I looked at Mom, her reaction a dramatic one. Her mouth hung open for a short period of time, unable to utter a single word as she stared at the spot where Mrs. Simon had stood. Then she turned away to stare at the wall, her eyes blinking rapidly as tears formed quickly, fat and heavy and unstoppable. I had never seen her cry before; I didn’t know what to do.
Our food arrived in silence, and Dad and I ate just as quietly while Mom ignored the food on her plate completely. I didn’t ask who Lyssa was, or why her being dead was such a big deal. My parents hadn’t talked about the people from Black Cat Rock often, so this Lyssa person was as much of a stranger to me as Mrs. Simon.
When Dad asked for the bill, the old woman finally spoke. “You never paid for food here before; why start now?”
“Because it’s the right thing to do,” Dad answered. “Come on, Mrs. Simon. Let me pay this bill and all the past bills right now.”
The old woman looked at Dad with disapproval. “You want to pay me back now? After all these years? Is it because I told you Lyssa’s dead, because if so, I don’t want your pity. She’s been dead a long time-”
“No! No, that’s not it at all. A lot of time has passed, and we’re all different people now. Vangie and I…we came back to make amends and start over. Let us start here; let me pay the bill.”
The woman snorted, and then walked away. She headed toward the counter and crouched down behind it, disappearing from view for only a moment before reappearing with a stack of notebooks in her hands. “According to these books, you two owe me over three thousand dollars and forty-two cents, not including the sixteen for your brea
kfast.”
Dad coughed. “Three…three thousand? Are you still on the sauce, old woman? There’s no way Vangie and I ate three thousand dollars worth of sardines!”

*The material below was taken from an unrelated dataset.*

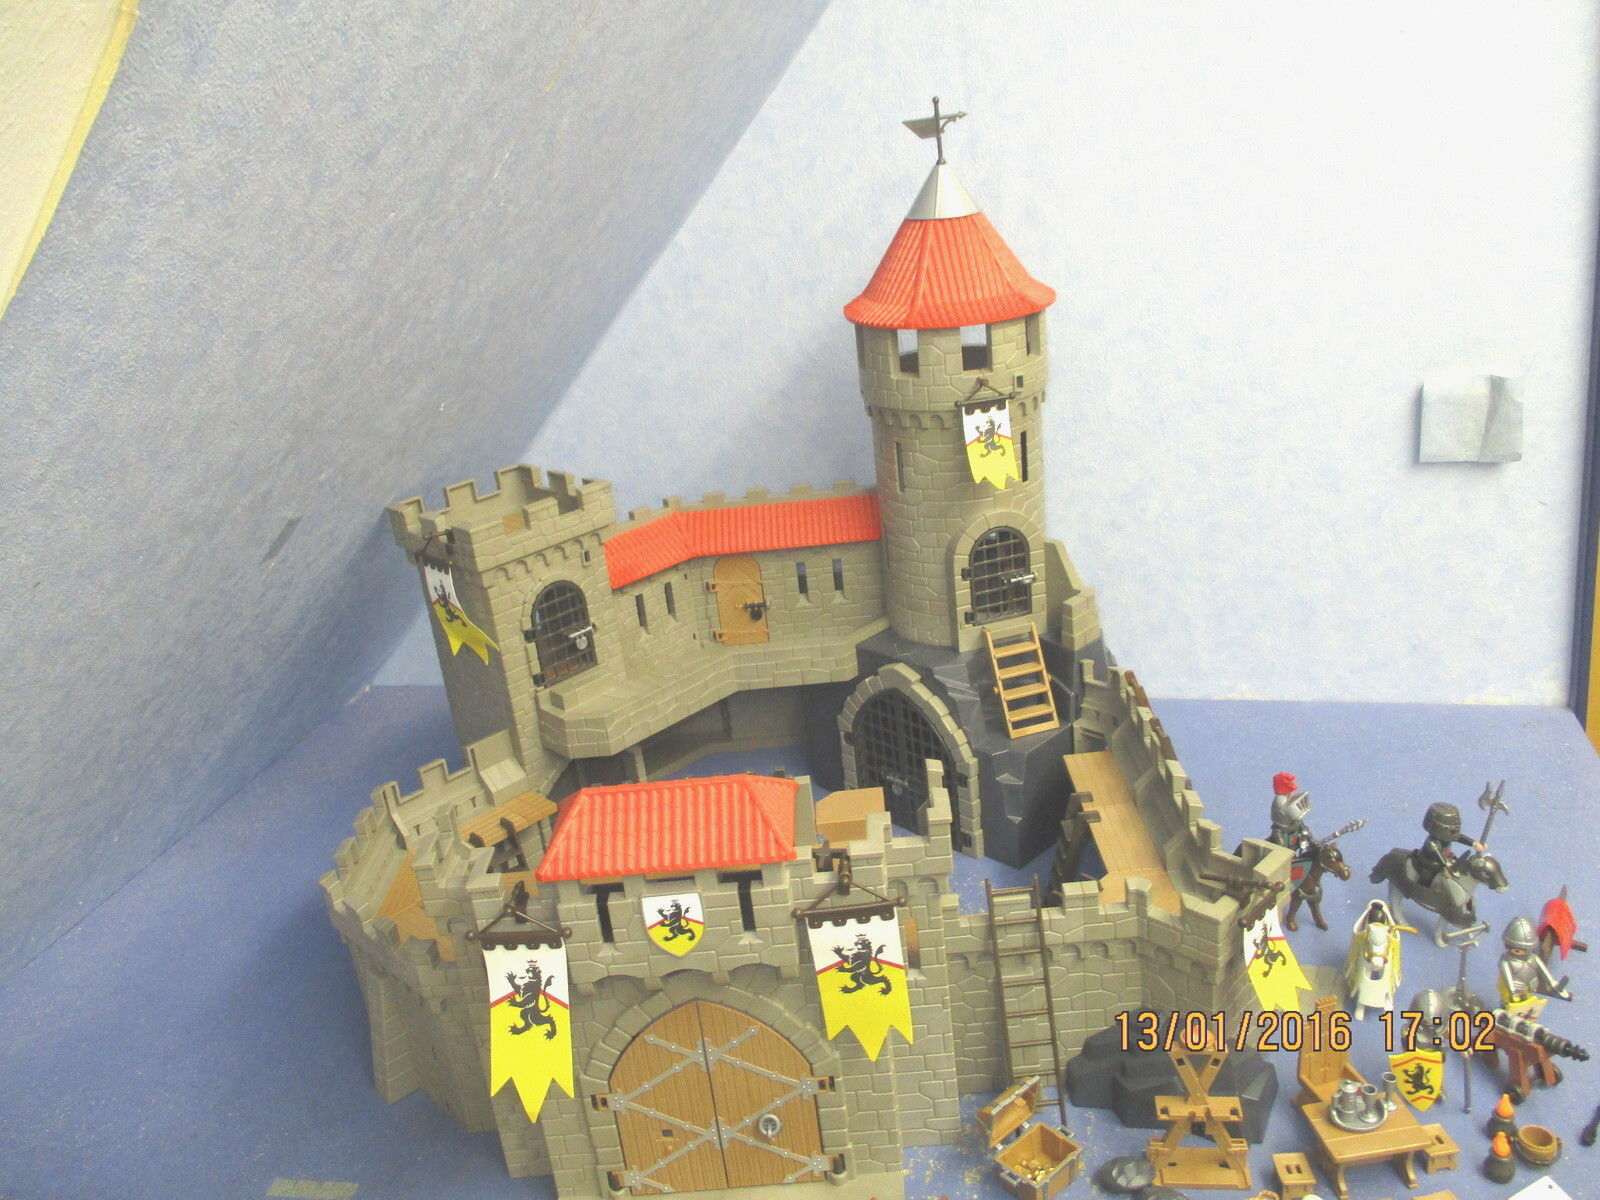 4865 Ritterburg Löwenritterburg 2 Kanonen  Ritter Knigths Caste  Playmobil 3998

“You didn’t. But with compounded interest and late fees, that’s how much you owe.”
“Late fees?!”
Mom stood up, unnoticed by anyone but me, and walked out of the restaurant. I followed her, glad to leave the arguing behind. “Mom?”
She turned around when she heard me call out to her, surprised that I hadn’t chosen to stay. “Fallon. Oh honey, I’m sorry,” she said, wiping her puffy face with the back of her hand. “You’re probably thinking I’ve lost my mind, huh?”
“No. I just…you…”
“You’ve never seen me act this way. I know. Lyssa was my best friend growing up. We used to dream about getting married together, having children together, and raising our families together. When your dad and I enlisted, she wanted to join up, too, but she wasn’t old enough yet and her mom wasn’t going to sign the papers letting her go.
“When we came back that last time, Lyssa was pregnant and depressed. She didn’t want to stay on this island anymore and asked us to take her and her kids with us to Germany after your adoption was finalized. I wanted to, I did! But we couldn’t. We were already under so much scrutiny by the family court that we just…we couldn’t take on anything more. We didn’t want to risk losing you.
“When we told her, she said to us…well, she said to me, anyway, that it was okay. She said she learned a long time ago that she couldn’t depend on us and that she’d find her own way off the rock. That was the last time I heard from her.”
Mom began sobbing at those last words, and I did the only thing you’re supposed to do when that happens: I hugged her. Even though she stood half a foot taller than me, she leaned her head down on my shoulder, her body shaking with sadness and guilt.